Non-performing assets in steel will disappear: Union steel secretary

The government’s move to address the issue of non-performing assets (NPAs) in the banking system is likely to benefit the steel sector in a major way, with the ministry of steel expecting the NPAs of the segment “disappearing” by the end of 2017-18.

Banks are expected to offer a combination of features of various restructuring schemes to help companies move out of the distress.

Speaking to Business Standard, Aruna Sharma, Union steel secretary, said once the "re-phasing process was complete, the NPAs itself will disappear" and "new lending" would start.

According to a report of CARE Ratings, the gross bank credit to the iron and steel industry as of March 2017 stood at Rs 3.195 lakh crore, which has increased at a compound annual growth rate of about 6% between FY15 and FY17. 

Sharma said the steel sector’s bad loans comprised 28% of the NPAs of the banks. About 36.94% of the total loan outstanding as of March 2016 had turned into NPAs, according to the government data

“We would be the first in the queue to reap the benefits of the Ordinance,” Sharma said. The government last night notified an Ordinance to amend the Banking Regulation Act, giving more powers to the Reserve Bank of India to tackle bad loans and non-performing assets.

As a step to further cushion the stressed steel sector, the government has allowed loan restructuring by the aggrieved companies through a mix of instruments including S4A (scheme for sustainable structuring of stressed assets), statutory debt restructuring, and re-phasing under the 5/25 scheme.

Under S4A, large-ticket loans are restructured by separating a sustainable loan from an unsustainable loan. The lenders are required to make this classification. A sustainable level of debt is one which the banks think the stressed borrower can service with its current cash flows. 

The 5/25 scheme allows banks to extend long-term loans of 20-25 years to match the cash flow of projects, while refinancing them every five or seven years.

Each restructuring would be accompanied by a forensic audit so that there is no diversion of funds. Monitoring would be done by an oversight committee. "All this should help in easing stress in the sector and trigger expansion," the steel secretary said.

The steel industry in 2016-17 started recovering from the previous three years’ downturn. Sharma said during 2016-17 leading steel makers had shown a positive EBITDA (earnings before interest, taxation, depreciation, and amortisation). "This makes for a strong case to handhold them at this moment and use three RBI formulations to work out modalities so that the NPA recovers and the banks started getting their money," she said.

Based on these parameters, discussions were held with bankers as well as the industry. The companies have initiated loan restructuring and as a result of that banks have started getting their money back.

The central government’s interest in reviving the steel sector can be gauged from the fact that the Union Cabinet earlier this week cleared a National Steel Policy, aimed at boosting sales of debt-laden companies.

To meet the target set by the government, CARE Ratings sees an additional investment requirement of Rs 10 lakh crore for the industry to reach the capacity of 300 million tonnes by 2030. This implies annual credit of about Rs 77,000 crore between FY18 and FY30. The industry would have to rely on the banking system and the corporate bond market. 

"However, as per RBI’s guidelines, the stressed advanced ratio was the highest for basic metals and their products at 42.9% as of September 2016. Therefore, the banking system hasn’t been lending much to the industry which has to depend progressively on the bond market.
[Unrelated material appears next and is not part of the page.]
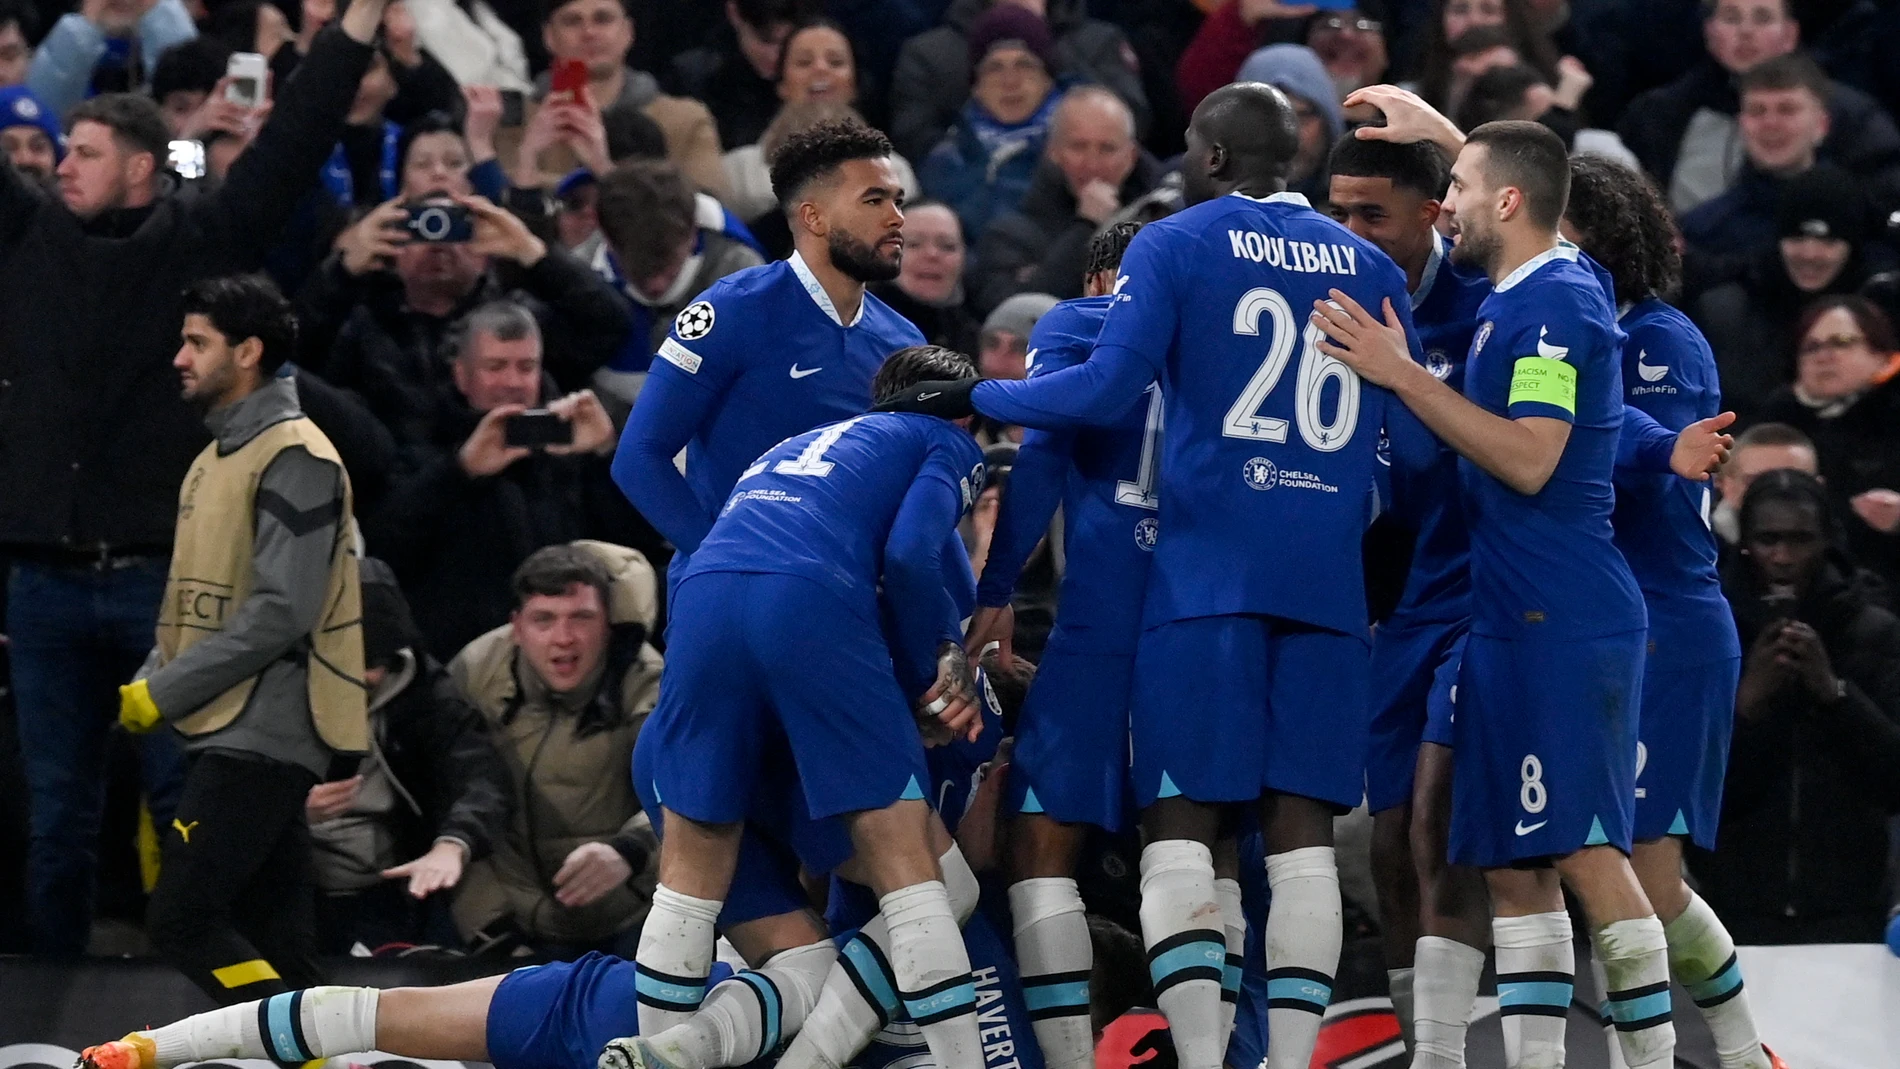 London (United Kingdom), 06/03/2023.- Players of Chelsea celebrate after scoring the 2-0 lead from penalty spot during the UEFA Champions League, Round of 16, 2nd leg match between Chelsea FC vs Borussia Dortmund in London, Britain, 07 March 2023. (Liga de Campeones, Rusia, Reino Unido, Londres) EFE/EPA/Neil Hall

For this the companies in the industry will need to have a strong credit standing," the CARE Ratings report said.

Besides the steel policy, the Cabinet cleared a policy to give preference for domestic steel in infrastructure projects. "The preferential policy will apply to projects where the funding is being done by the Union or the state government," she said. However, the preferential push might lead to increased cost, the Engineering Export Promotion Council (EEPC) of India said on Friday.

“With steel prices in India ruling 15-20% higher than the global level, the preferential procurement of the basic raw material for the infrastructure and the government projects from domestic manufacturers would further push up the cost, making it extremely difficult for engineering exporters, particularly in the SME sector, to survive,” EEPC India Chairman T S Bhasin said in a statement. 

Sharma said each of the stressed sectors would have a monitoring committee of bankers, which would get inputs from the administrative ministry on the trends in the sector. 

India Ratings and Research said in its report that the volatility in input cost, mainly coking coal prices, was likely to keep the steel sector spreads (difference between price and raw material cost) under pressure in FY18.

The price of coking coal, a key raw material, started going up in April after softening from the elevated levels of November 2016. 

India has become the third-largest steel producer globally, contributing about 2% of the country’s GDP with production of 91.9 million tonnes and a capacity of 122 million tonnes in FY16. Production crossed the 100 million tonnes in FY17.